Friday 16 March 2012

Public Debt



Public Debt:

It is an instrument of resource mobilization by the modern government. It simply denotes the "Borrowing of Government from People, RBI, Financial Institutions and so on". The following are the classification of Public Debt.,

1. Internal Debt:

When government borrows within the country, it is called internal debt such as borrowings from individuals, business establishments, financial institutions, commercial banks and central bank. Internal debt also includes Loans raised by the government in the open market through treasury bills and special securities issued to the RBI, Rupee securities(non-interest bearing) issued to international such as the IMF and the world Bank and most importantly various bonds like the oil bonds and fertilizer bonds ect.,

2. External Debt:

When government borrows the money from out side the country it is known as External Debt such as borrowings from Foreigners, foreign Banks, Foreign governments and international institutions. Unless the internal debt, the External debt has material loss to the debt country. The following are the some of examples.,

* Long term external debt which is the bulk part
* NRI deposit and multilateral loans
* Commercial borrowings
* Bilateral loans and
* Negligible amount from Export Credit

3. Voluntary and Compulsory:

When the Government borrows by issuing securities to which people are free to subscribe, it is called voluntary debt. When the government on the other hand, enforces borrowing through legal contexts or compulsions , then it is Compulsory debt.
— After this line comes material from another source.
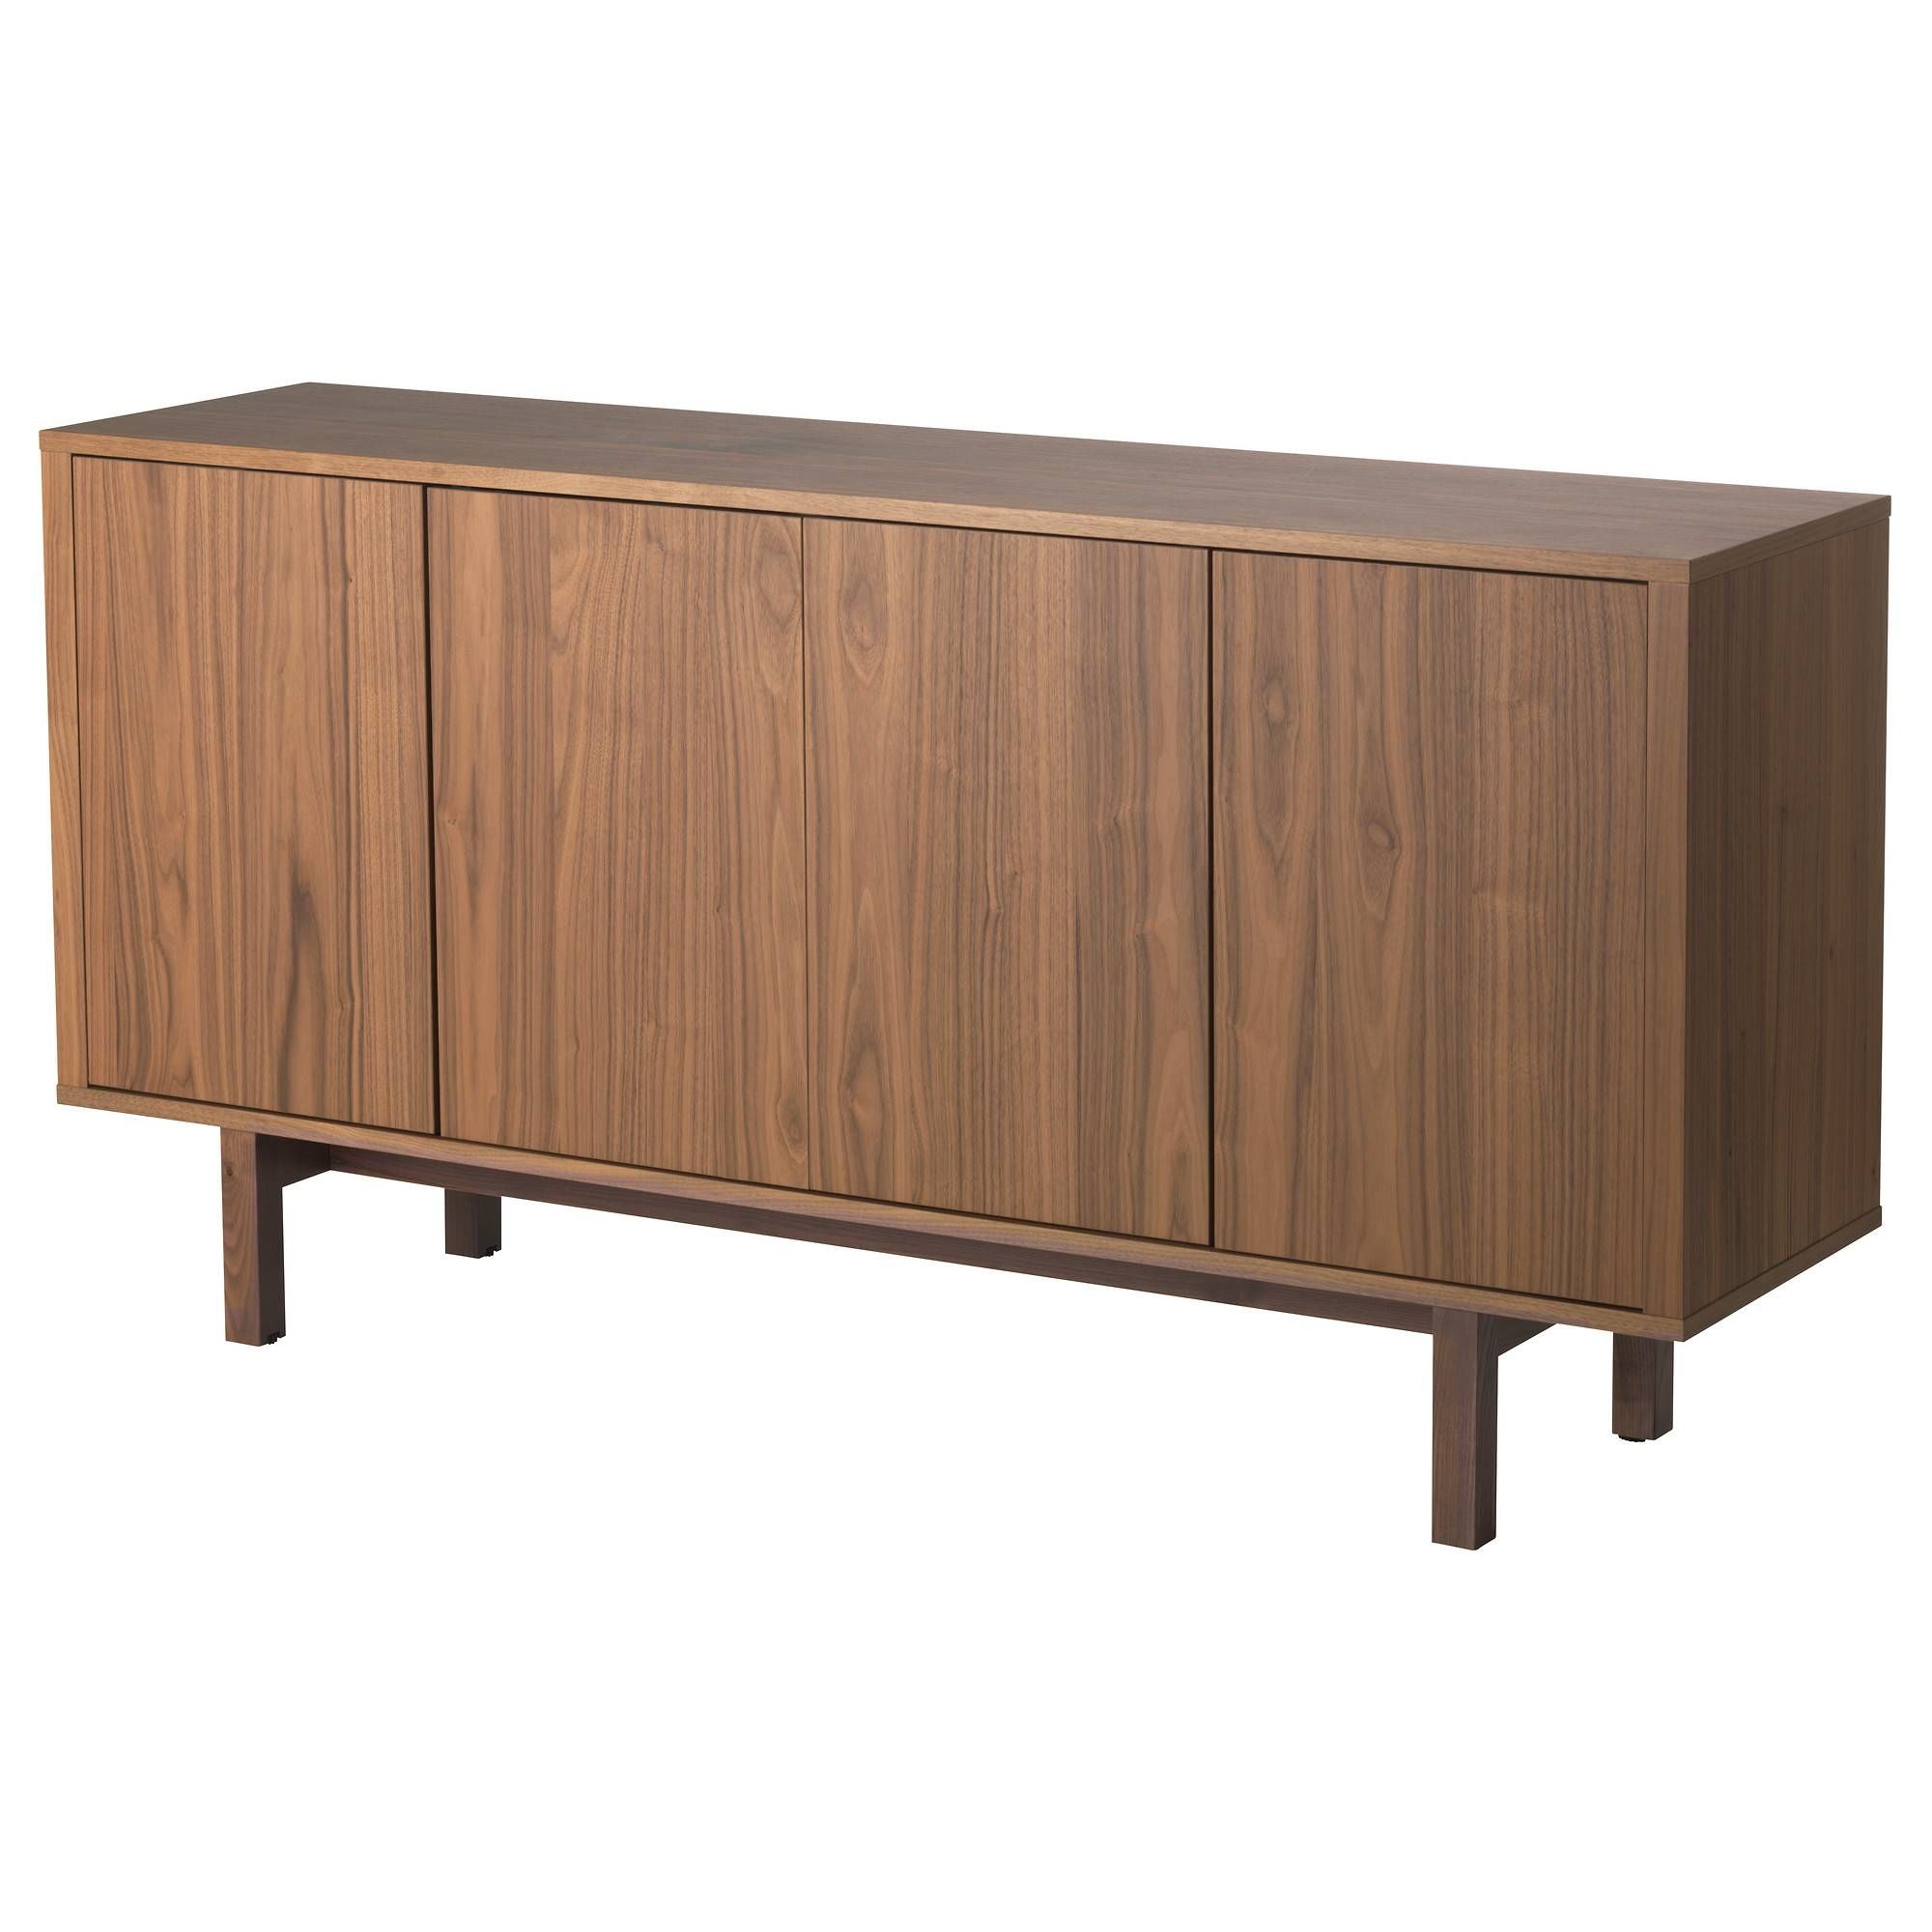 Buffet Tables & Sideboards – Ikea Intended For Most Recently Released Norden Sideboards (View 12 of 15)

4. Productive and Unproductive:

Productive debt is one which is incurred for those projects which yields income to the government. For example the debt incurred to meet expenditure on power projects, irrigation, public enterprises an railways. Whereas Unproductive debt neither yields any income not creates any assets. Debts incurred for Budgetary deficit, war, natural calamities ect.,

5. Funded and Non-Funded:

Funded debt is a long term debt payable after a year, while unfunded debt is a short term debt, payable within one year.

6. Redeemable and Irredeemable:

When the government borrows the money with a promise to pay off in future at a specified date then it is Redeemable debt. Whereas the government has no such agreement to redeem the money in future then it is irredeemable debt.